MARTIN – And isn’t it possible to invent such a device that there should be no need for the washing at all?
KNIGHT – Sure, it’s possible.
SONA (looking tenderly at her husband) – How much would I like to go somewhere together with you and walk around…
KNIGHT – Therefore, Mrs. Sona, you must first reject walls. The man is born in freedom, so he should live….
GRANDPA – (ironically smiling). Freedom… What do you know about freedom at all? Naive you are…
KNIGHT – We know it, grandpa. Don’t underestimate our generation. We’ve come to replace you. To bring fresh breath, new ideas and new sprouts.
GRANDPA –Fresh breath, new ideas… Nice words. It’s up to you. Do as you like it!
Grandpa stands up, slowly goes to the wall, takes the flowers, kisses the wall and goes out. Everybody silently watches him.
MARTIN – We broke his heart.
SONA – I’ll give him heart drops.
MARTIN – No need. His pain is in another place.
MARIA – I love my grandpa very much. I won’t let his heart break. When he sees us everybody happy he’ll breathe a sigh of relief.
KNIGHT – Yeah, he’ll get rid of the burden he’s been suffering from so many years.
MARIA – When people can’t solve their problems they build walls.
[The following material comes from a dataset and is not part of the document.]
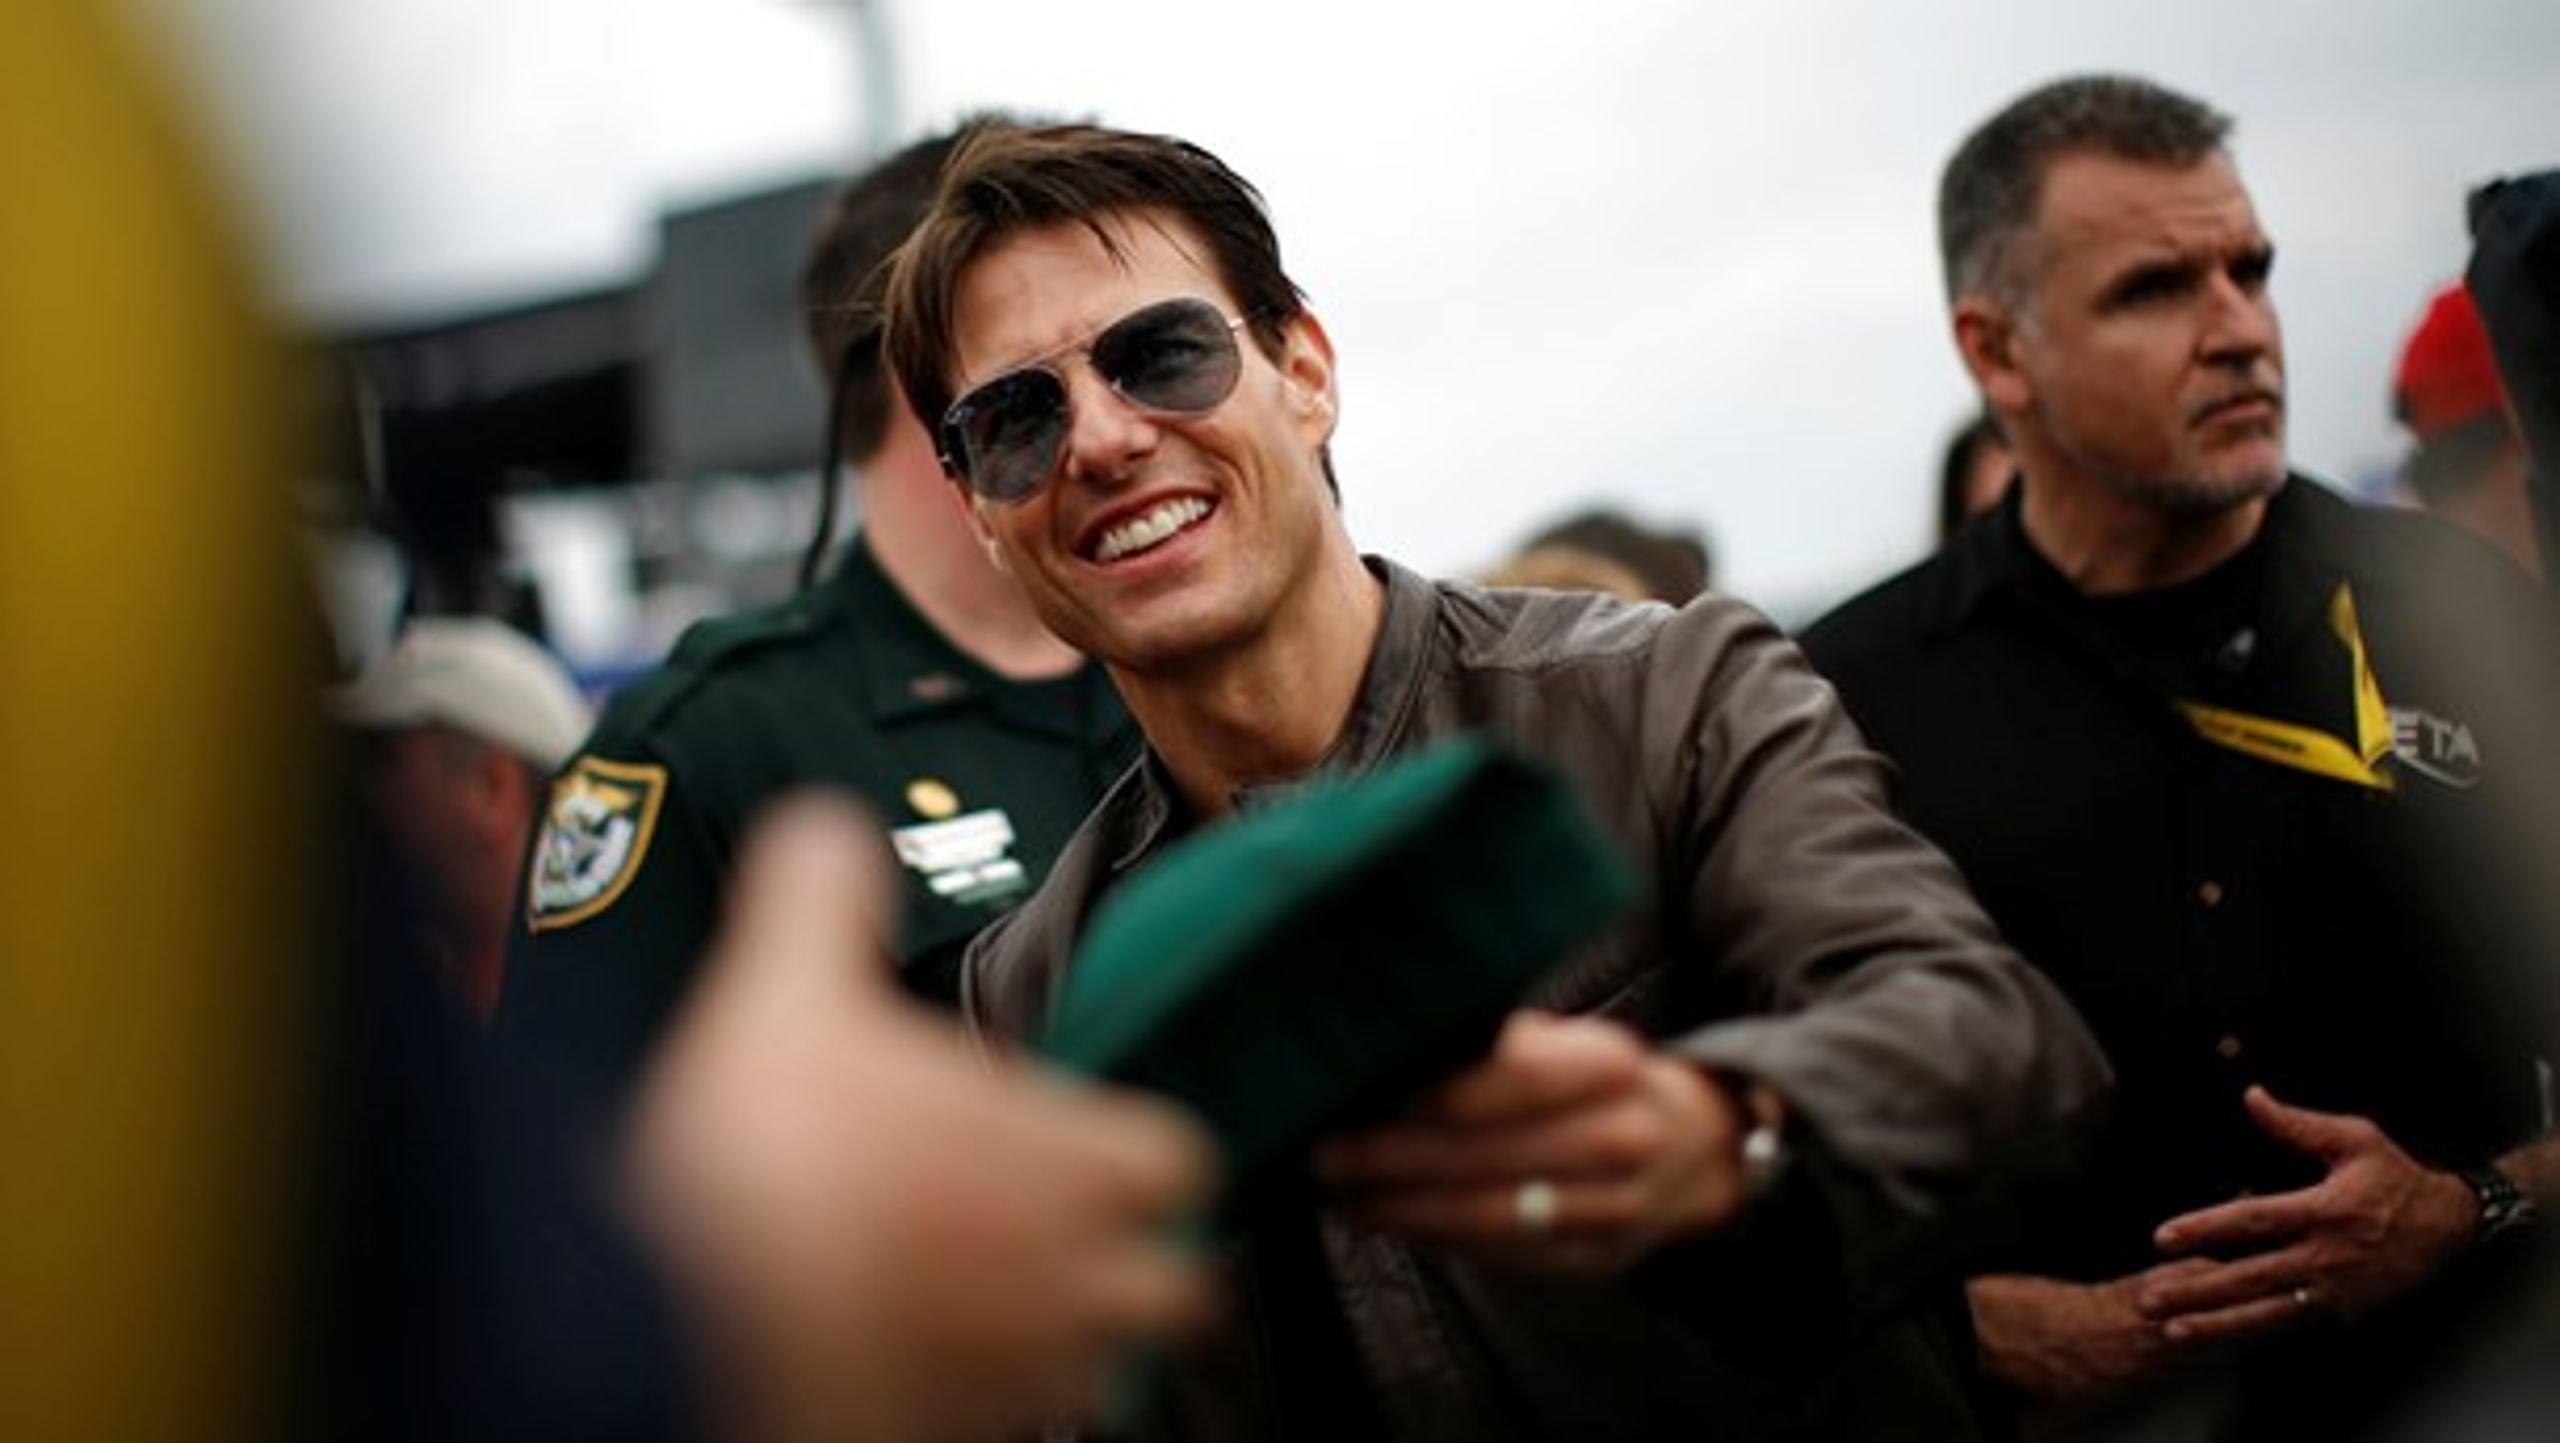 Stjerneskuespilleren Tom Cruise bærer en Ray-Ban Aviator i storfilmen Top Gun. Når annoncer på Facebook lokker med lignende solbriller til kun 150 kroner, er der sandsynligvis tale om svindel.

A wall in a big city to separate the pious people and the villains of the society. A wall between countries so that the developed part couldn’t deal with the other second or third class people on the other side. Walls between countries, between fields – so that desperate people at war couldn’t save themselves and their children. Walls in different parts of the city, so that the rich could carelessly enjoy their wealth without seeing the oppressed at whose expense they’ve become rich.
SONA – Now what? Shall I water this ficus bush or not?
MARTIN- Nope, we’ll plant it in the soil and it’ll finally green.
MARIA – Yeah, let all the separating walls vanish!
KNIGHT – Viva freedom and the open sky!
MARIA – What a wonderful day today!
All walk to the wall. Firstly scared, then bolder and bolder start to pull down the wall, rolling the bricks. Behind them a beautiful scene starts to be drawn – the sun, the sky and green area with trees and flowers. Martin picks up the pot with the ficus bush and steps down to the stage. Sona hugs the cat and a bit scared follows his husband. Maria and Knight holding each other’s hands pass over the bricks and step forward looking at the sky.
Set: The same scene, but without the wall. The bricks are stuffed in one corner at the back of the stage. Maria and Knight are on the sofa. The same fat and lazy cat is on Knight’s knee.
KNIGHT – I’m very sorry for your grandpa.
MARIA – Thanks. He was quite old. After my grandma’s death he was counting his days.
KNIGHT – And do you follow his advice? That every year the same day you should commemorate your grand-grandpa and others.
MARIA – Try not to. Don’t just think I ignore my ancestors and their bitter fate. I just don’t want to live with that burden. Moreover, I don’t want to pass it to my children.
KNIGHT – Maybe you’re right. I don’t want to see any grief and suffering in your charming eyes even once a year.
MARIA – Like that actress?
KNIGHT – Which one?
MARIA – The one that you’ve been in love with recently.
KNIGHT – Again? I haven’t been in love with anyone. And I’m not going to. I love only you.
MARIA (playfully) – Really? And I remembered that actor again… Unshaven with a deep look.
KNIGHT – Don’t play with my heart! I’ll also avoid shaving for some days and look at you deeply.
MARIA – I don’t like artificial things. Not being shaven and deep look should come from the depth of one’s soul.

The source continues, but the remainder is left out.